This dataset provides:
- Active mining operations: All legally authorized mining projects across Brazil
- Mine locations: Geographic coordinates and spatial extent
- Product information: What minerals/resources are being mined
- Operational status: Whether mines are active, suspended, or recovering
- Area data: Size of mining concessions and operating areas
- Company information: Operator and ownership details
- Environmental permits: Status of environmental authorization
- Geographic coverage: National coverage including Legal Amazon region
SIGMINE data is critical for understanding Brazil’s mining sector impact on the environment, economy, and land use, particularly in sensitive regions like the Amazon.
Data Source and Information
SIGMINE data comes from: - Brazilian mining authorization and regulatory system - Geological Service of Brazil (SGB-CPRM) - Environmental licensing agencies - Updated continuously as mining permits are issued/revoked - Publicly accessible through government databases
For more information, visit SGB-CPRM and mining databases.
Available Dataset
sigmine_active (Active Mining Operations)
Comprehensive registry of legally operating mining projects in Brazil.
- Coverage: All active, legally authorized mining operations
- Status: Currently operating, suspended, or in recovery phases
- Geographic levels: National coverage with state and municipality identification
- Key variables: Mine name, operator, location, mineral type, area, authorization status
- Mineral types: Precious metals, industrial minerals, energy minerals (coal, uranium), others
- Environmental data: Environmental license status, compliance information
- Spatial data: Polygon boundaries of mining concessions/operations
- Use cases:
- Assess mining impacts in regions of interest
- Identify mining activity in conservation areas
- Analyze relationships between mining and deforestation
- Economic analysis of mining sector
- Environmental impact assessment
- Conflict identification (mining vs. indigenous lands, protected areas)
Function Parameters
1. dataset
Only one dataset is available:
dataset = "sigmine_active" # Active mining operations
2. raw_data
Controls whether to download original or processed data.
TRUE: Returns raw SIGMINE/DNPM data format with original codingFALSE: Returns treated data with English variable names and standardized formatting
raw_data = FALSE # logical
3. language
Output language for variable names and documentation.

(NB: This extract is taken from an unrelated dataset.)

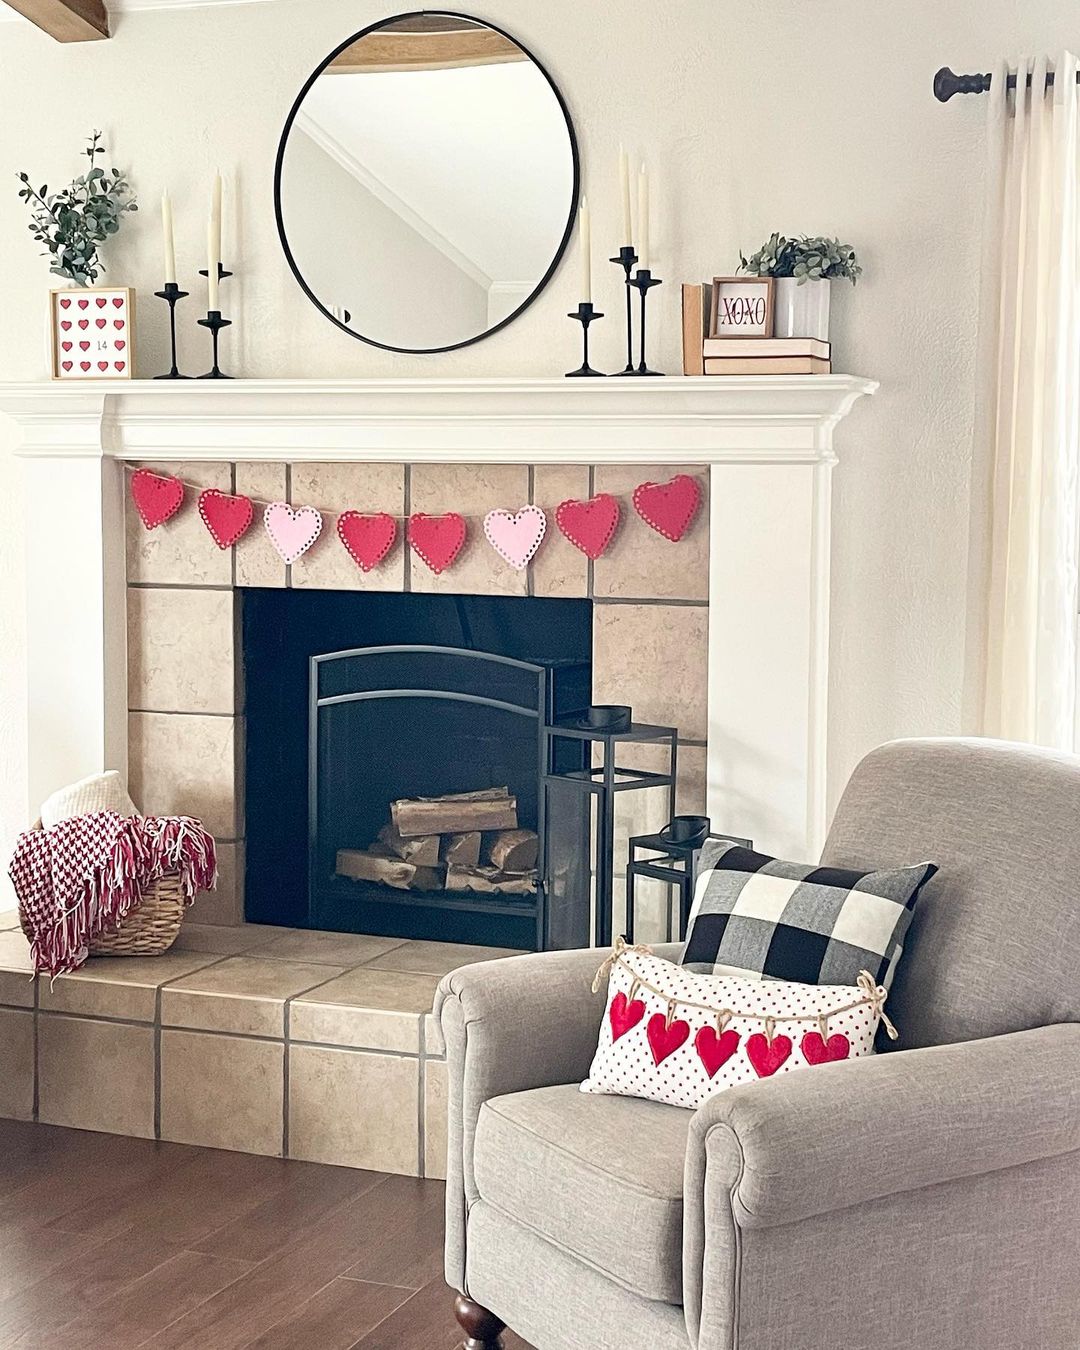 decorate fireplace for valentines day

"pt": Portuguese"eng": English
language = "eng" # character string
Data Structure
SIGMINE data typically includes:
- Mine identification: Name, registration number, operator
- Location: State, municipality, geographic coordinates
- Resource: Mineral type being mined
- Area: Size of mining concession (square meters)
- Status: Active, suspended, recovery, or other operational status
- Authorization: Mining and environmental permits
- Geometry: Spatial polygon of mining area (when available)
Examples
Example 1: Active mining data in portuguese
# download treated active mining data in portuguese
mining_active <- load_sigmine(
dataset = "sigmine_active",
raw_data = FALSE,
language = "pt"
)
Example 2: Active mining data in english
# download treated active mining data in english
mining_eng <- load_sigmine(
dataset = "sigmine_active",
raw_data = FALSE,
language = "eng"
)
Data Notes
Mining Authorization Status
SIGMINE tracks mines at various stages: - Active: Currently operating, producing minerals - Suspended: Temporarily halted operations - Recovery: Reclamation and environmental restoration phase - Other: Various other regulatory statuses
Minerals Covered
SIGMINE includes: - Precious metals: Gold, silver, platinum - Industrial minerals: Iron, copper, aluminum, tin, others - Energy minerals: Coal, uranium - Gemstones: Diamonds, emeralds, others - Construction minerals: Sand, gravel, granite
Data Updates
- SIGMINE is continuously updated as new permits are issued/revoked
- The dataset you access reflects the most current government registry
- Historical changes available from government archives
Geographic Information
- Coordinates: GPS coordinates of mine locations
- Polygons: Spatial boundaries of mining concessions (when available)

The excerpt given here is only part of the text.